De Bello Gallico

Lughnasa                                                                           College Moon

I asked Greg (Latin tutor) for something new, a different arrangement. He wrote back and suggested I start reading Caesar’s De Bello Gallico. That’s not quite what I had in mind, but I decided I’d try it before our time together next Friday. I’ve already translated 20 lines. It goes quicker than Ovid, prose rather than poetry explaining part of that I imagine. Translating made me feel like I’d made real progress. Probably Greg’s point in recommending it.

The commentary I’m using for Caesar suggests reading in the Latin word order first. That’s very hard with poetry because Latin poets move words around based on rhyme scheme and meter, as well as for dramatic effect. With Caesar however it gave me, for the first time, a feel for Latin as a foreign language rather than a puzzle created by unfamiliar words. Reading in the Latin word order means thinking the way a Latin writer and reader would.

There is a subtle irony involved in reading Caesar for me, two in fact. The first is that Caesar was the first real Latin text I ever began to read, way back in Miss Mitchell’s class in high school. (Yes, speaking of ancient times, that was 1964 and 1965.) The second and more profound one for me is that it is through Caesar and through De Bello Gallico, Of the Gallic Wars, that we have a great deal of our knowledge of the ancient Celts. Gaul = Celt. And, it was Caesar who invaded Briton. Between Caesar and Tacitus, a Roman historian, we have the bulk of the written accounts about the Celts, how they lived, fought, worshiped.

I’m going to keep translating both Ovid and Caesar, though I’ll finish Caesar long before I finish the Metamorphoses.

 

Still

Lughnasa                                                                     College Moon

 

Out to Keys on University for our business meeting. Walking bleary eyed and under awake into a place with fresh coffee and breakfast is one of life’s small, but significant pleasures for me. We discussed the move, the idea of a second mortgage, the state of our finances, checked our calendars, scanned for birthdays.

Back home we got into shed clean out mode, discarding several years worth of detritus, often saved for a time that never came. While Kate concentrated on the first shed, I worked on repairing the damage to our fire pit area by the dogs. They smelled a rodent ofIMAG0751 some kind, I imagine. This involved hauling sand sufficient to fill up the hole, replacing torn landscape fabric and will later involve hauling sand to cover the landscape fabric, then spreading mulch over it all.

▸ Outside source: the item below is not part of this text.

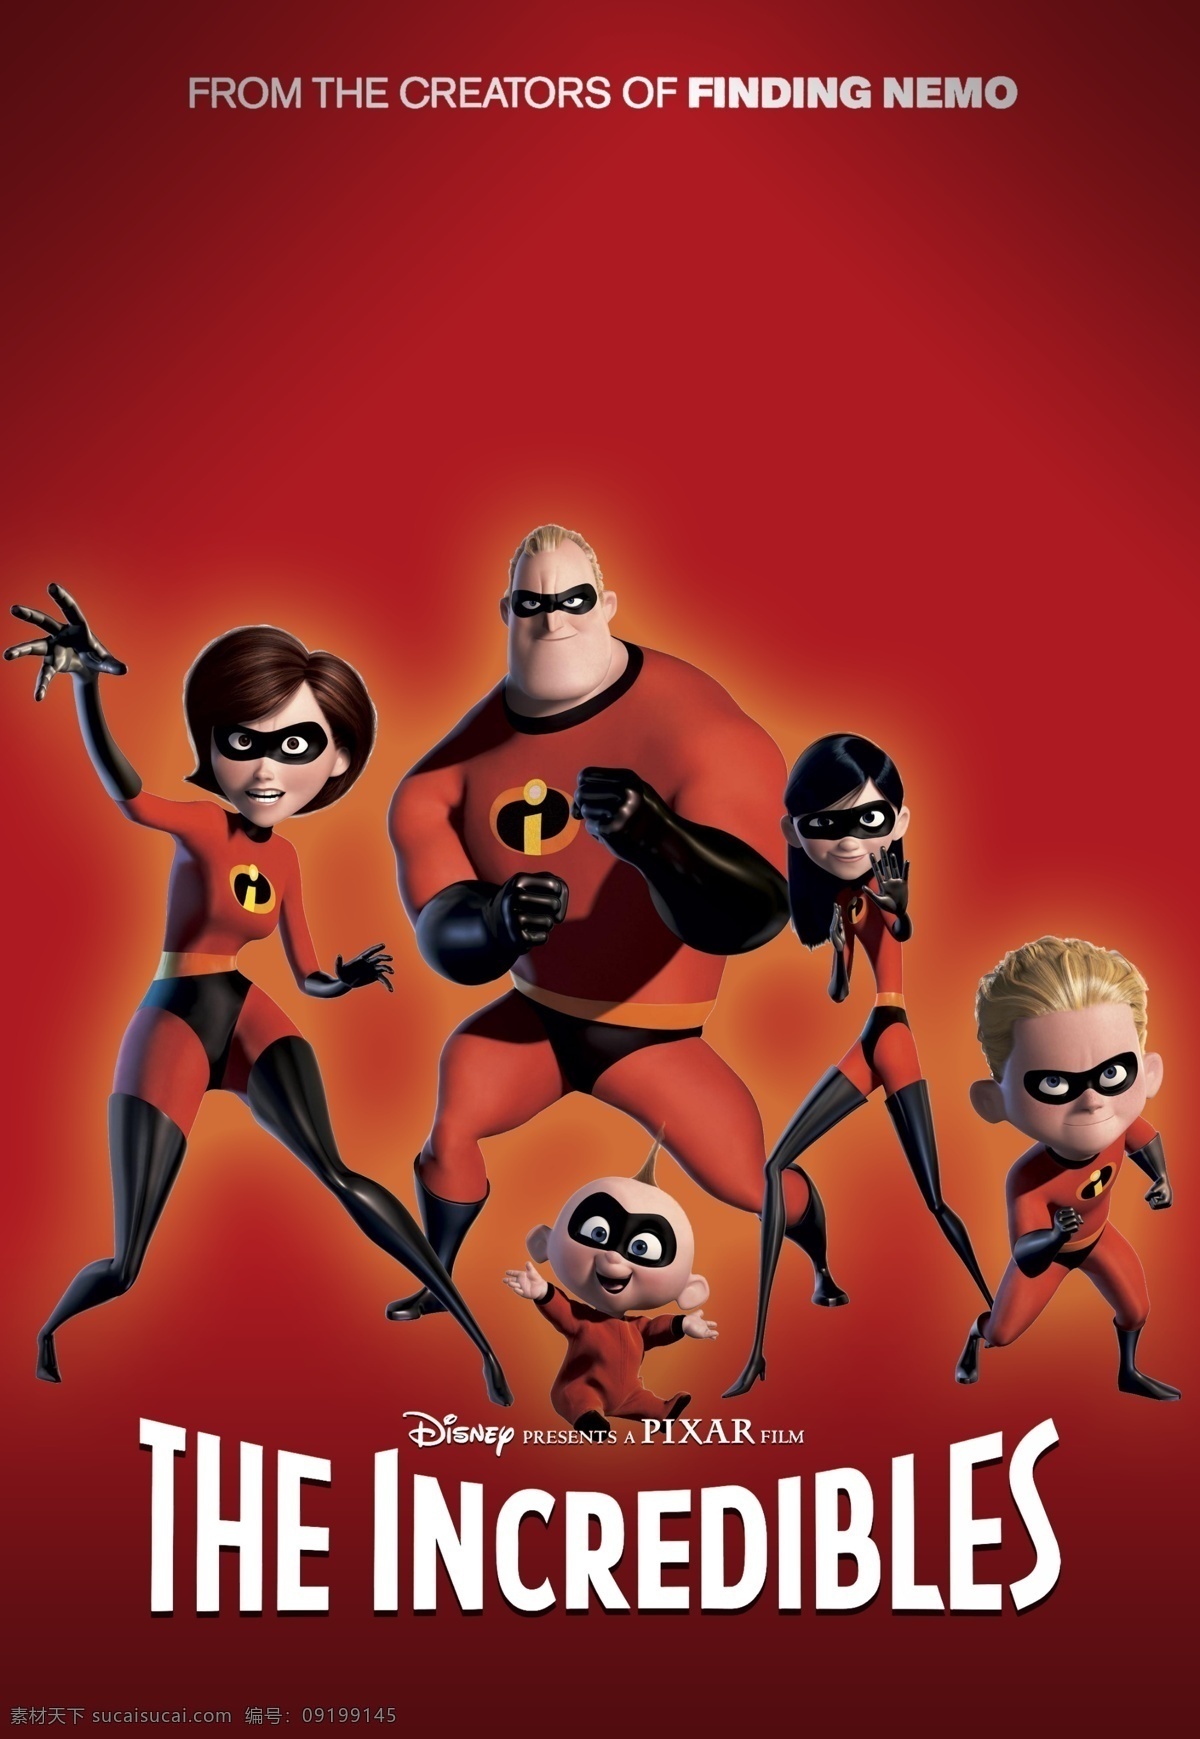 超人总动员 超人特攻队 超人家族 动画 皮克斯 电影 电影海报 海报 pixar 动漫动画

Once I finish that, I’ll move onto the shed where we keep the bee woodenware, clean it up and consolidate everything we’re going to move. Then, removing the electric fence and all its accessories. Finally, a soil test for the garden. May not make all of this over the weekend, but plenty of it.

Over the last week certain aspects of the move have become clearer to me, moving from the background to the foreground. Taking a year, living in the move, is a pace I can live with and not become anxious. Still, there is the fact that it takes a year or so which is a long time. So far it feels like matters are happening at the time they need to. When the question arises, an answer appears.